Diagonal values of $D$ are the real eigenvalues

So, conjugate-transpose of $D$ is equal to $D$, or $T$: self-adjoint

## Proof of real spectral theorem (continued)

Proof of (1) implies (3)

Let $\lambda$ be a real eigenvalue of $T$ with a real eigenvector $v$.

Extend $v$ to an orthonormal basis: $\{v,u_1,\ldots,u_{n-1}\}$ (all real)

$A=\begin{bmatrix} \lambda&a_{12}&\cdots&a_{1n}\\ 0 & & & \\ \vdots & & A_1 & \\ 0 & & & \end{bmatrix}$ (matrix of $T$ w.r.t. above basis)
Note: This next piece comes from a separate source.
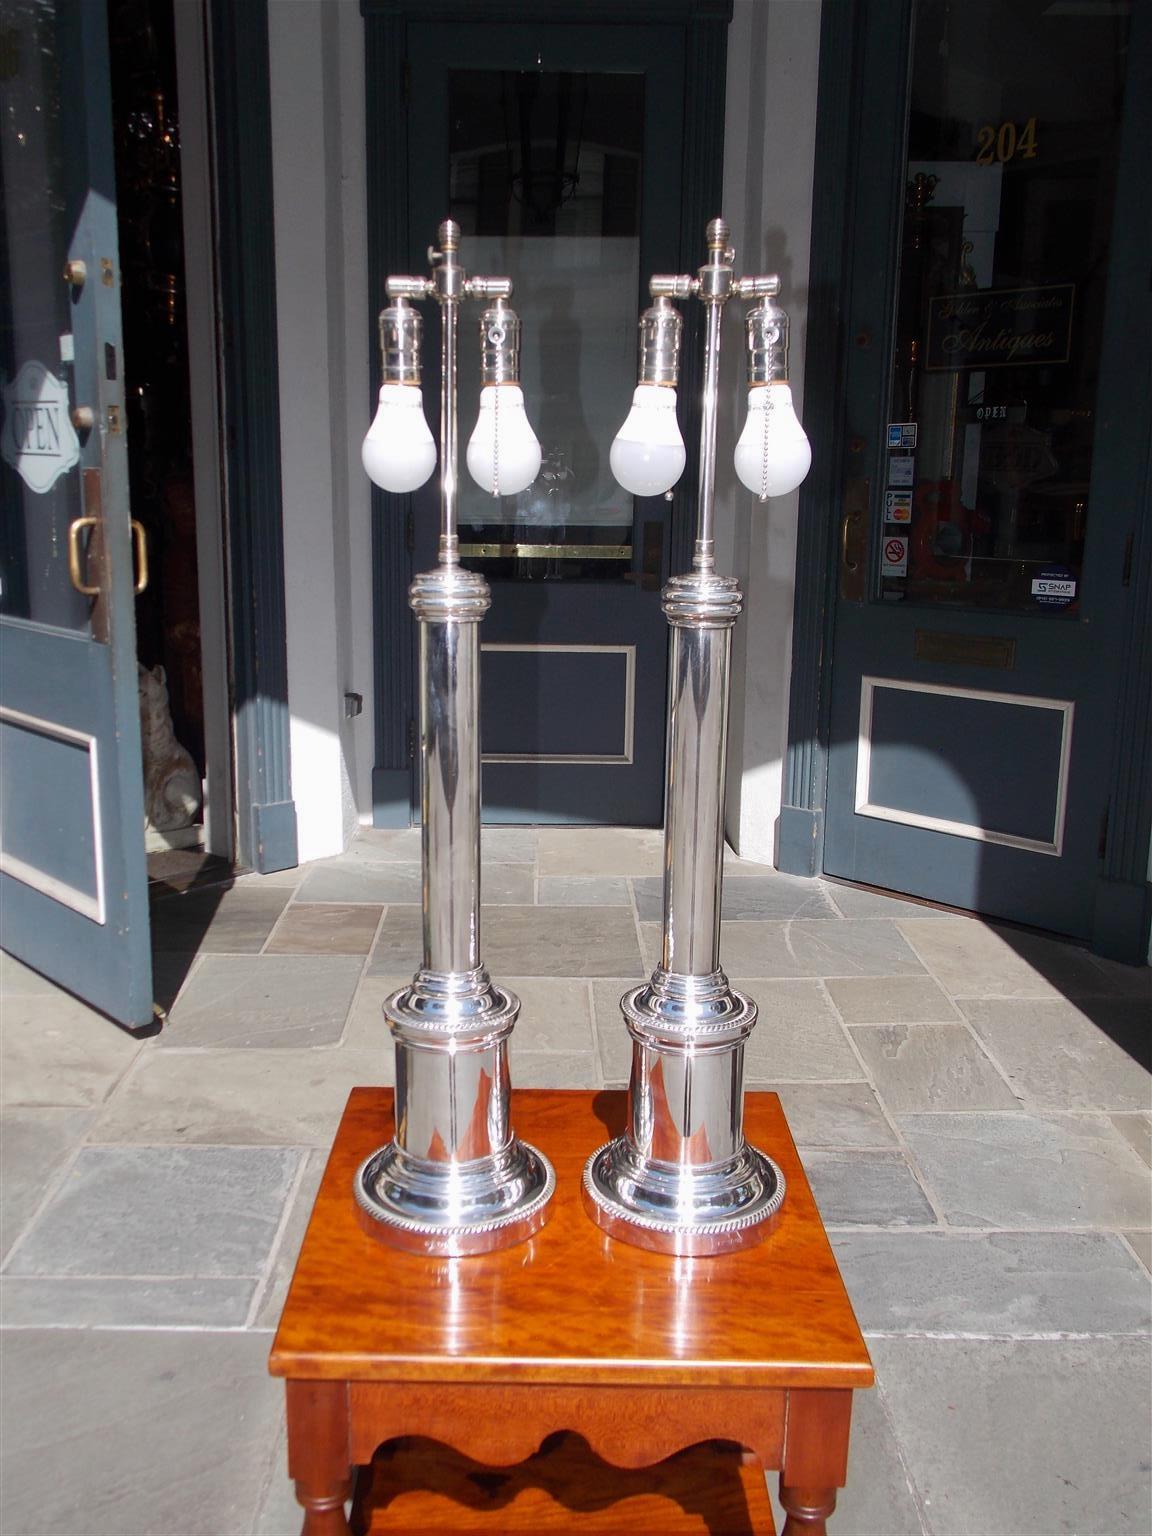 Pair of English nickel silver circular column table lamps with decorative rope motif and resting on step back circular plinth bases, Late 19th century. Stamped by maker. Lamps were originally gas and have been electrified.

Since $A=A^T$, we have the following:

1. $a_{12}=\cdots=a_{1n}=0$

2. $A_1=A^T_1$: $(n-1)\times(n-1)$, self-adjoint

$A_1$: represents a self-adjoint operator from $\text{span}\{u_1,\ldots,u_{n-1}\}\to\text{span}\{u_1,\ldots,u_{n-1}\}$

Repeat same argument with $A_1$

Finally, get a diagonal matrix for $T$ w.r.t. an orthonormal basis for $V$

## Matrices of self-adjoint operators on real spaces

$A$: $n\times n$ real, symmetric matrix (representing a self-adjoint operator w.r.t. standard basis)

There is a real, orthonormal basis $\{e_1,\ldots,e_n\}$ s.t.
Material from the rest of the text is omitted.